A. kunkeei PF12, PL13, and PF15 and H. uvarum AN8Y27B belonging to the Culture Collection of the Department of Soil, Plant and Food Science, University of Bari Aldo Moro (Bari, Italy), were used as mixed starters for BCP fermentation. Their aptitude to drive standardized fermentation of BCP at laboratory, pilot-plant, and full-scale levels was preliminarily verified (Di Cagno et al., 2019a; Giuliani et al., 2020). Cultures were maintained as stocks in 15% (v v⁻¹) glycerol at −80°C and routinely propagated. Fructophilic lactic acid bacteria were cultured at 30°C for 24 h in fructose-yeast extract-polypeptone (FYP) broth (10 g D-fructose, 10 g yeast extract, 5 g polypeptone, 2 g sodium acetate, 0.5 g Tween 80, 0.2 g MgSO₄·7H₂O, 0.01 g MnSO₄·4H₂O, 0.01 g FeSO₄·7H₂O, and 0.01 g NaCl per liter of distilled water). H. uvarum AN8Y27B was cultivated at 30°C for 36 h in yeast extract-peptone-dextrose (YPD) broth (10 g yeast extract, 20 g bacteriological peptone, and 20 g dextrose per liter of distilled water).

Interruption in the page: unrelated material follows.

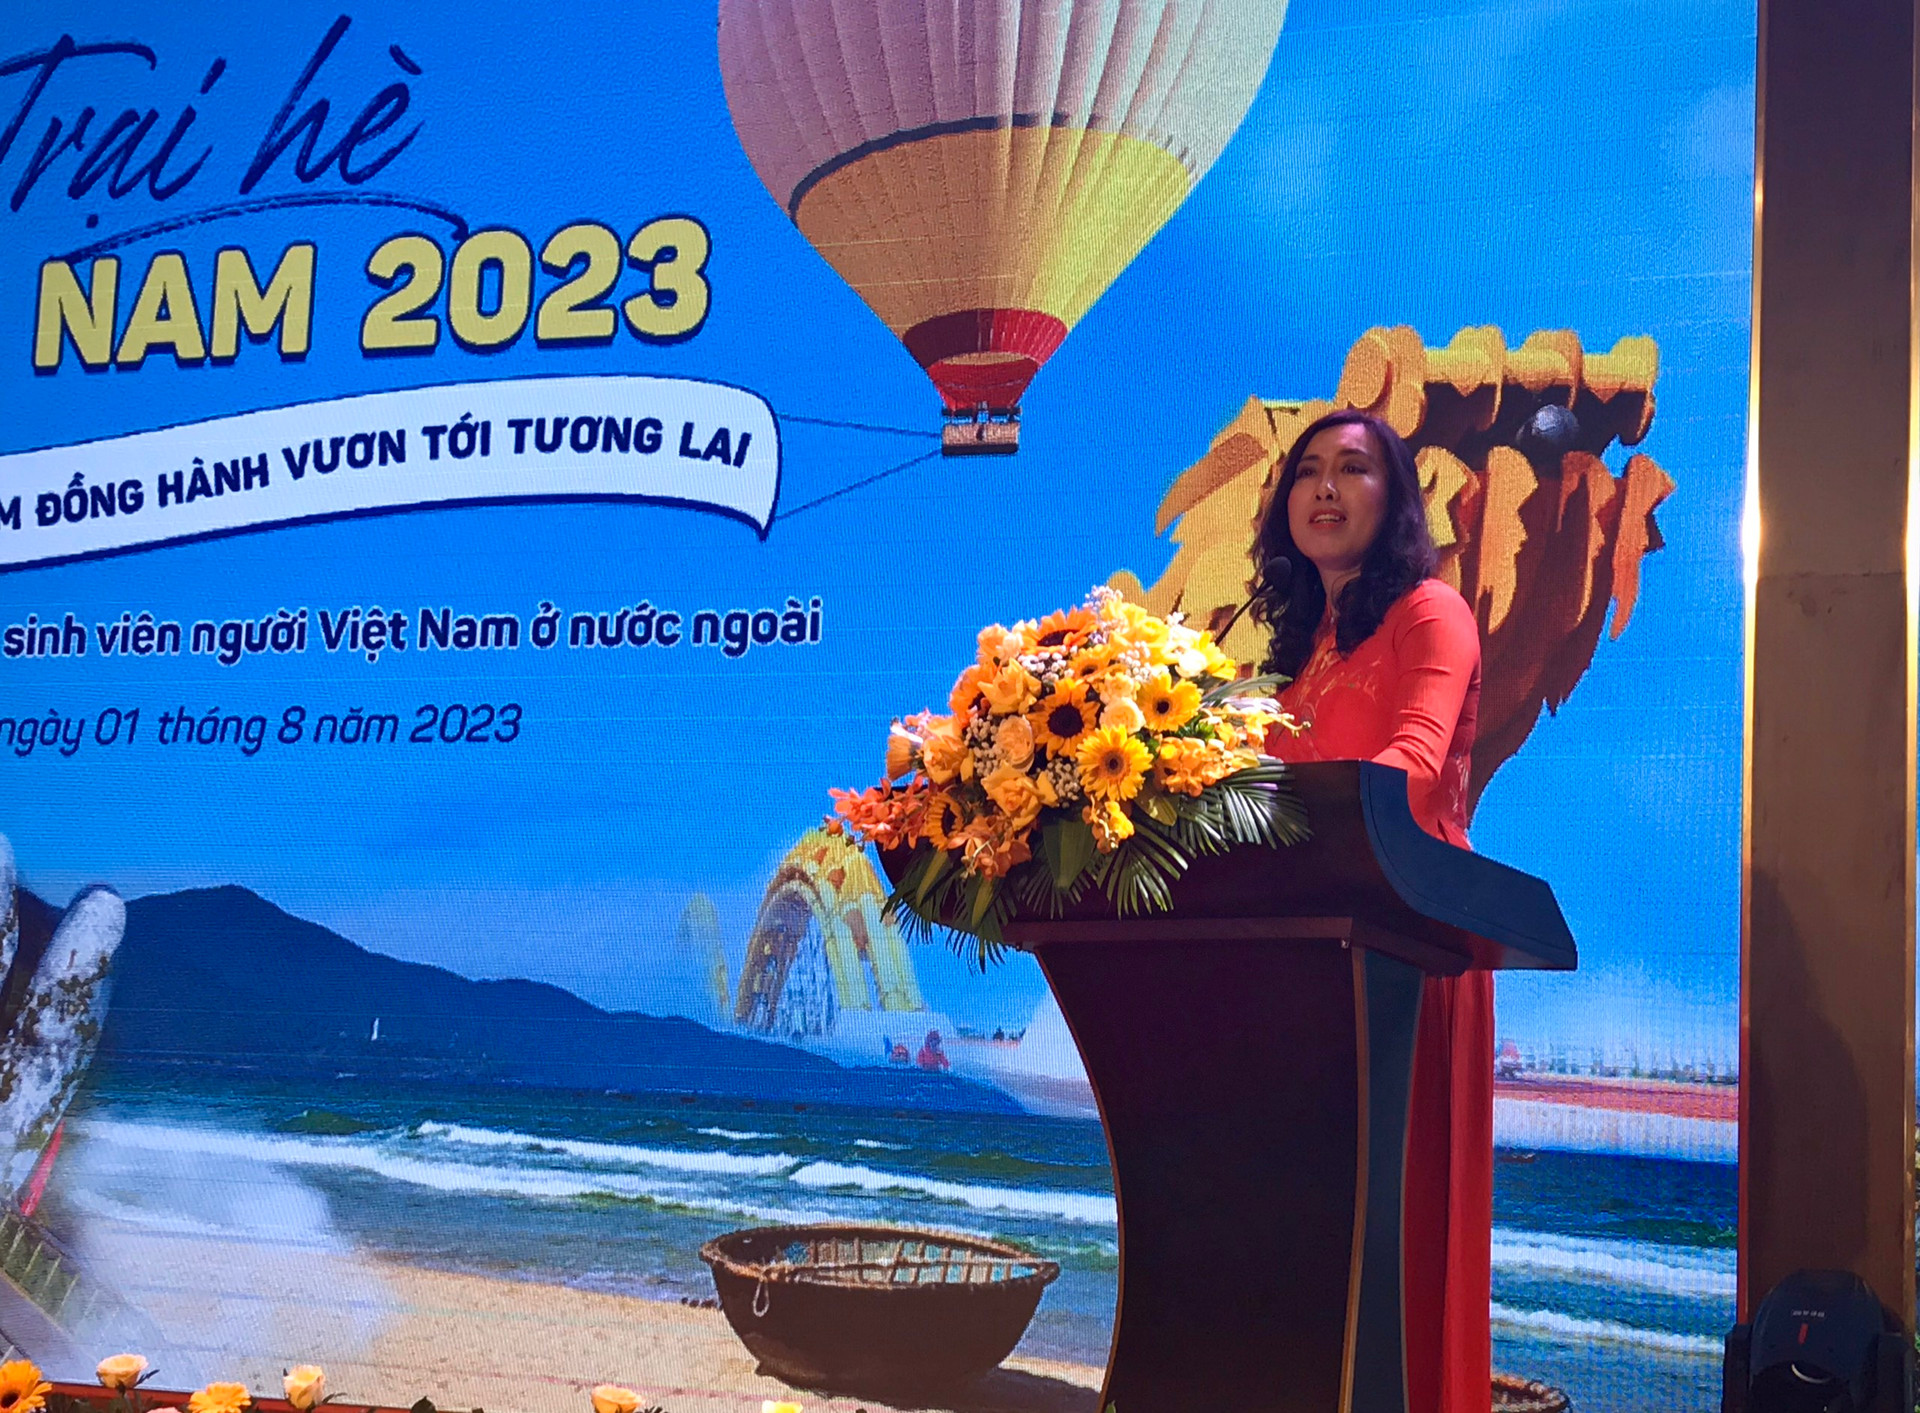 Trại hè Việt Nam 2023: Kết nối thanh niên kiều bào với nguồn cội, văn hóa Việt Nam - ảnh 5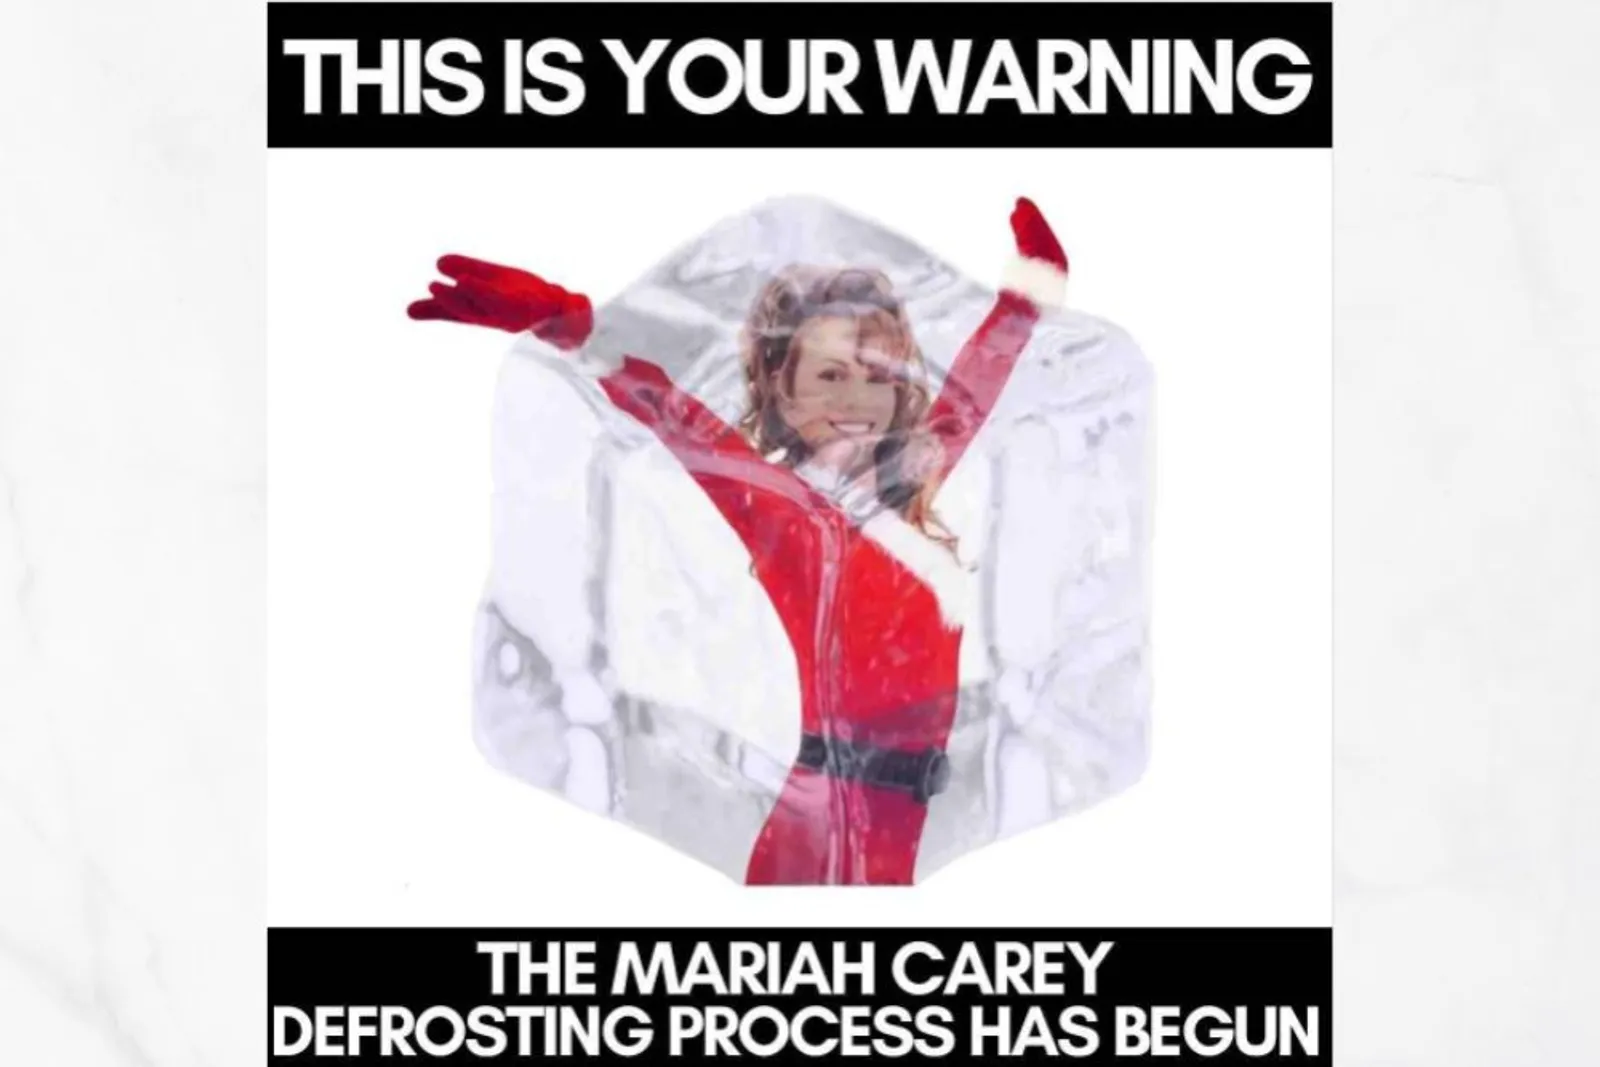 Meme Kocak "All I Want for Christmas" - Mariah Carey yang Kembali Hit!

Bee-collected ivy pollen (BCP) was collected during September–October 2018 from organic fields of the Apulia region (Italy). BCP was fermented under a standardized protocol previously described by Di Cagno et al. (2019a), which included a mixed inoculum of A. kunkeei PF12, PL13, and PF15 strains, and H. uvarum AN8Y27B. Briefly, microorganisms were cultivated until the late exponential growth phase was reached, washed twice in 50 mM phosphate buffer (pH 7.0), and used to inoculate the BCP at the final density of ca. 8 Log CFU g⁻¹. BCP was added with sterile water to reach the final water content of 40% (w w⁻¹), inoculated with the mixed starter, placed into sealed tubes, and incubated at 30°C for 216 h. BCP fermented by the selected mixed starter (Started-BCP) was characterized as described below. BCP treated under the same conditions except for the use of microbial starters (Unstarted-BCP), and fresh BCP without any treatment [raw bee-collected pollen (Raw-BCP)] were used as controls. Unstarted-BCP underwent spontaneous fermentation to partially mimic the spontaneous fermentation of beebread within hive cells. Mesophilic lactic acid bacteria and yeast cell densities were monitored through plate counts on FYP agar containing 0.1% of cycloheximide (Sigma Aldrich, Saint Louis, MO, United States) incubated at 30°C for 48 h, and on YPD agar added of 0.1% of chloramphenicol incubated at 25°C for 72 h, respectively. Freeze-dried BCP samples were used for the subsequent assays.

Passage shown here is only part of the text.